In Arizona, for instance, the number of undocumented immigrants fell by an estimated third in the wake of passing SB 1070. Concurrent Bureau of Labor Statistics data show that agricultural employment, the rate of business creation, and housing prices all plummeted, both in absolute terms and more tellingly vis-à-vis neighboring states, which did not implement similar legislation. One study by economists at the Center for Business and Economic Research at the University of Alabama, led by Samuel Addy, estimates Alabama’s business losses in the billions of dollars. In nearly every state that adopted less-than-friendly migrant policies, businesses — particularly those in agriculture, construction, hospitality, and food preparation — have struggled to find workers.

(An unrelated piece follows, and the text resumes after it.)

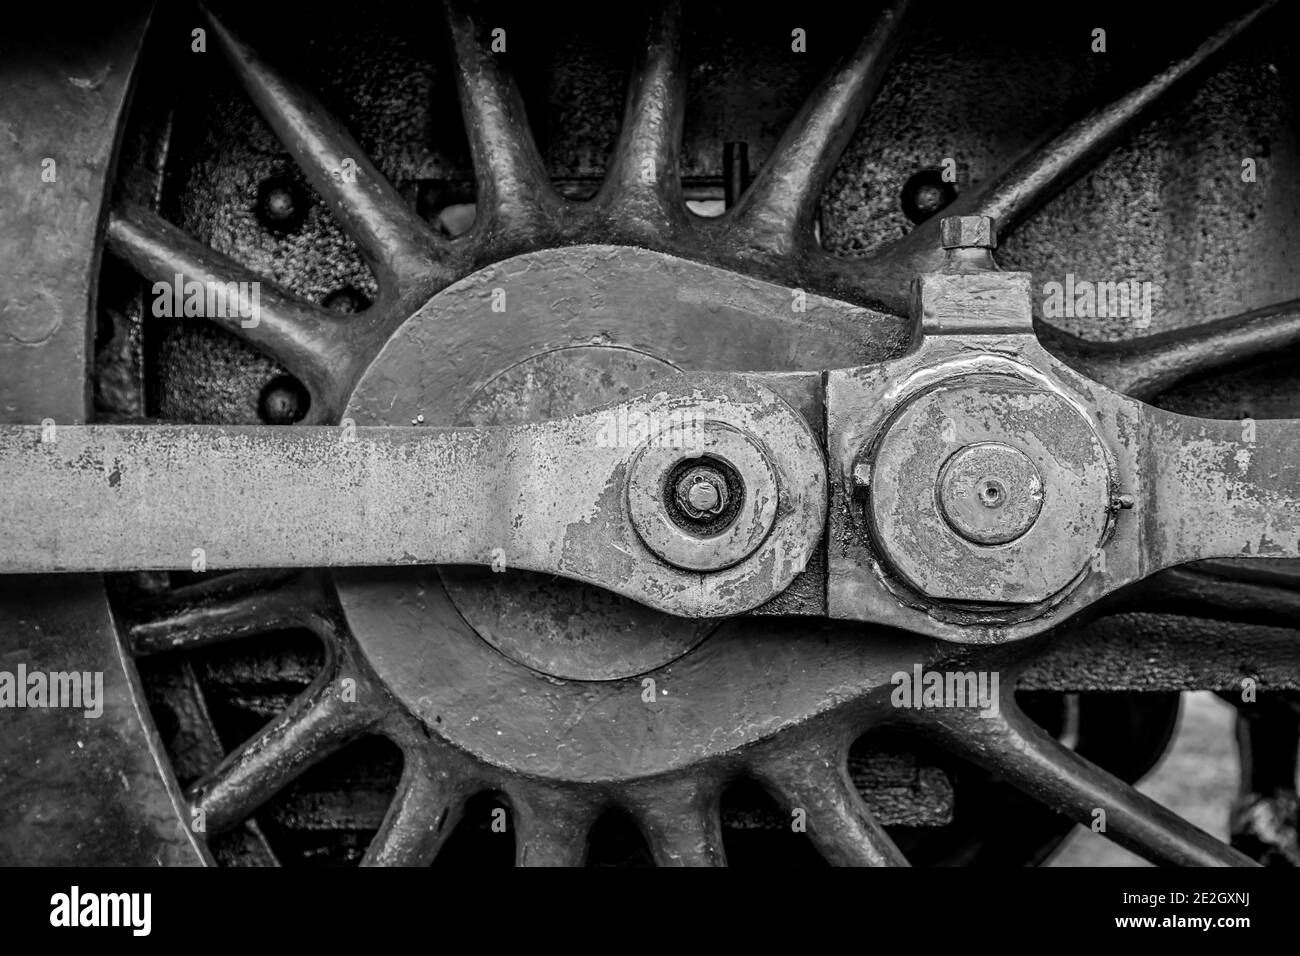 Steam Locomotive Wheel and Connecting Rod Stock Photo

These outcomes complement what other academic analyses repeatedly show — that immigrants create jobs, boost tax revenues, and make communities safer. One study using U.S. census data and American Community Survey data finds that for every 1,000 immigrants in a county, 46 manufacturing jobs are created or preserved. It also found that local housing wealth increased by nearly $100,000 for each new immigrant. This is in part because immigrants are much more likely to file a patent or start a business than native-born Americans.
Unfortunately, this local legislative dynamism can’t solve the United States’ national immigration problems. Migration, as the movement of people across borders, is inherently a federal issue. The lack of a coherent, comprehensive immigration policy is increasingly costly — as the recent request by President Barack Obama for $3.7 billion to stem the humanitarian crisis of tens of thousands of kids crossing the U.S. southern border attests. In fact, many of the 253 state-level immigration resolutions boil down to pleas for the federal government to act. What the local activism does reflect is a general shift in the legislative direction from one of exclusion to one of accommodation — a change the federal government should follow.